▶ _TASK TO COMPLETE_: In the entries below, find the line with "A car's backseat" and print exactly every line from there up to and including the line with "HAPPY ANNIVERSARY | CARD BY NOI", with no other lines.

▶ _GIVEN DATA_:
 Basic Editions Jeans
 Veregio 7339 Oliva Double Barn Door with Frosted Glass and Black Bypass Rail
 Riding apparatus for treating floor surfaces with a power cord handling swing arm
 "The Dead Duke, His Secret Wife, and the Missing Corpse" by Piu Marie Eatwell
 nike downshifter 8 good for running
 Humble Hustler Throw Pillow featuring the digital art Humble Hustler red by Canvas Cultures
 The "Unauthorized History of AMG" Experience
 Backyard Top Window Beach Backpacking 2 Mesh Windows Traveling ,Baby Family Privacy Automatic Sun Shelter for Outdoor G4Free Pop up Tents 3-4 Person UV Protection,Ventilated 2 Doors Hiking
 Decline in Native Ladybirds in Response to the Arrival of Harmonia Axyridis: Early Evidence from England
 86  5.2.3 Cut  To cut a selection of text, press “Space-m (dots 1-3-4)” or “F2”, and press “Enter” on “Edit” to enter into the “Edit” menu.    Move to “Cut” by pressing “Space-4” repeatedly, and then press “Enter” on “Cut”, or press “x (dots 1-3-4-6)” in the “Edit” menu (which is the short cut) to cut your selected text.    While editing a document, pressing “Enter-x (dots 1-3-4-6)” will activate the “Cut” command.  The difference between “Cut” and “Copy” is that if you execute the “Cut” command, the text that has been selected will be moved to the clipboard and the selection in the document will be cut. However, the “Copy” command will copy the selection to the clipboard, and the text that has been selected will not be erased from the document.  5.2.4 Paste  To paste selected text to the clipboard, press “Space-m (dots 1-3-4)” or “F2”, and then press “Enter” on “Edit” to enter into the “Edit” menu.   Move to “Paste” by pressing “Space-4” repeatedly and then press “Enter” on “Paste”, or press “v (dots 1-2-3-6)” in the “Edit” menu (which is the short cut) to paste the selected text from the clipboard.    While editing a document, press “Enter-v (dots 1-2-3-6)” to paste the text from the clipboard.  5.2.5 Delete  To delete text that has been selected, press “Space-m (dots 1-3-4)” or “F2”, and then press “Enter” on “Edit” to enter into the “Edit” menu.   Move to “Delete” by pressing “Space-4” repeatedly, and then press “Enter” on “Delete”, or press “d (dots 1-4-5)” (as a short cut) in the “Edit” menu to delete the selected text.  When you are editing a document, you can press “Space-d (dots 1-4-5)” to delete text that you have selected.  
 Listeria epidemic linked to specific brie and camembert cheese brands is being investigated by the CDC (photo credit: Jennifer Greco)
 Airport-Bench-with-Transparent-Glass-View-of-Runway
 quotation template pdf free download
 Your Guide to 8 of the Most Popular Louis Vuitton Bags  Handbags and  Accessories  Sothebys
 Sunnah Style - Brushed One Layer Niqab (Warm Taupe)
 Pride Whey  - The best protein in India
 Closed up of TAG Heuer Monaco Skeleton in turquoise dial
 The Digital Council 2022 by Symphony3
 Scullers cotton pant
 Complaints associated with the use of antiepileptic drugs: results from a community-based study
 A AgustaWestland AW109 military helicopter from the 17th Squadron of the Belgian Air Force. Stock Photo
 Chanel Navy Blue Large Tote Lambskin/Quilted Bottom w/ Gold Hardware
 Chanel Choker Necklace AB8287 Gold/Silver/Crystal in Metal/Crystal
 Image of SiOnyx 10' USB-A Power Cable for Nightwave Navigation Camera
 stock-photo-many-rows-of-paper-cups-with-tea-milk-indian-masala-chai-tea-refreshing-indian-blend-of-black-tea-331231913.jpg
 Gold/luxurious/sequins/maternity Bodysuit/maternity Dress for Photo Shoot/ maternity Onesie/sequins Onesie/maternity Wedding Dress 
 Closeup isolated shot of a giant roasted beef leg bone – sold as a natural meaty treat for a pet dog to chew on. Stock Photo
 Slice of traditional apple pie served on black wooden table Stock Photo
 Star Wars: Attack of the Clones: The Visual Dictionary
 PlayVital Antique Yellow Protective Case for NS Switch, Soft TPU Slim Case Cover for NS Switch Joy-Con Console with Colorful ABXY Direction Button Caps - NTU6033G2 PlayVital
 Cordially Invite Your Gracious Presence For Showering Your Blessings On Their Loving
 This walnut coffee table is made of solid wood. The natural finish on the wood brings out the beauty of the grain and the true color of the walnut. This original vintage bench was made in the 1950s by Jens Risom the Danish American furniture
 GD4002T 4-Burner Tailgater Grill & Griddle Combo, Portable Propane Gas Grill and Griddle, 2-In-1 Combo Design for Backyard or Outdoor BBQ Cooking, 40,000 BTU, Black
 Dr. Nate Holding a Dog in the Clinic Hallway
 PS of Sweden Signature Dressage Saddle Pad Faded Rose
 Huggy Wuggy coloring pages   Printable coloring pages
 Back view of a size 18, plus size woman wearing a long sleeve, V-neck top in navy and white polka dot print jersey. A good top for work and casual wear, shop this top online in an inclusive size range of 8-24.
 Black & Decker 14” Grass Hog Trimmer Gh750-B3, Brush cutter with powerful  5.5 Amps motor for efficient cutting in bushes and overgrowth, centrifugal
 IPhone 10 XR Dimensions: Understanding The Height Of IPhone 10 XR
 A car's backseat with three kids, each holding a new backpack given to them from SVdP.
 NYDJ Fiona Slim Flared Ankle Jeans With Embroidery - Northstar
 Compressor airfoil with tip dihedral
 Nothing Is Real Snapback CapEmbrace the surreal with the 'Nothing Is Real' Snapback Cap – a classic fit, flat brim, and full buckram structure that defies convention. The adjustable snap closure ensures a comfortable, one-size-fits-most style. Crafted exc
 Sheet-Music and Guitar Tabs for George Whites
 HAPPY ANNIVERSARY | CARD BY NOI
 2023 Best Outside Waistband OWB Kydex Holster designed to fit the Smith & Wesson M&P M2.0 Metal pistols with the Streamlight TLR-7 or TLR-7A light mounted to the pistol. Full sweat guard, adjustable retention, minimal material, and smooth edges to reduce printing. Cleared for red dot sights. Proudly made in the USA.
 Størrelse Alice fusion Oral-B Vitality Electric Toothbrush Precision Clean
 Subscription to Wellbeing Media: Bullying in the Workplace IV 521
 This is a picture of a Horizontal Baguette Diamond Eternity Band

▶ _TASK OUTPUT_:
 A car's backseat with three kids, each holding a new backpack given to them from SVdP.
 NYDJ Fiona Slim Flared Ankle Jeans With Embroidery - Northstar
 Compressor airfoil with tip dihedral
 Nothing Is Real Snapback CapEmbrace the surreal with the 'Nothing Is Real' Snapback Cap – a classic fit, flat brim, and full buckram structure that defies convention. The adjustable snap closure ensures a comfortable, one-size-fits-most style. Crafted exc
 Sheet-Music and Guitar Tabs for George Whites
 HAPPY ANNIVERSARY | CARD BY NOI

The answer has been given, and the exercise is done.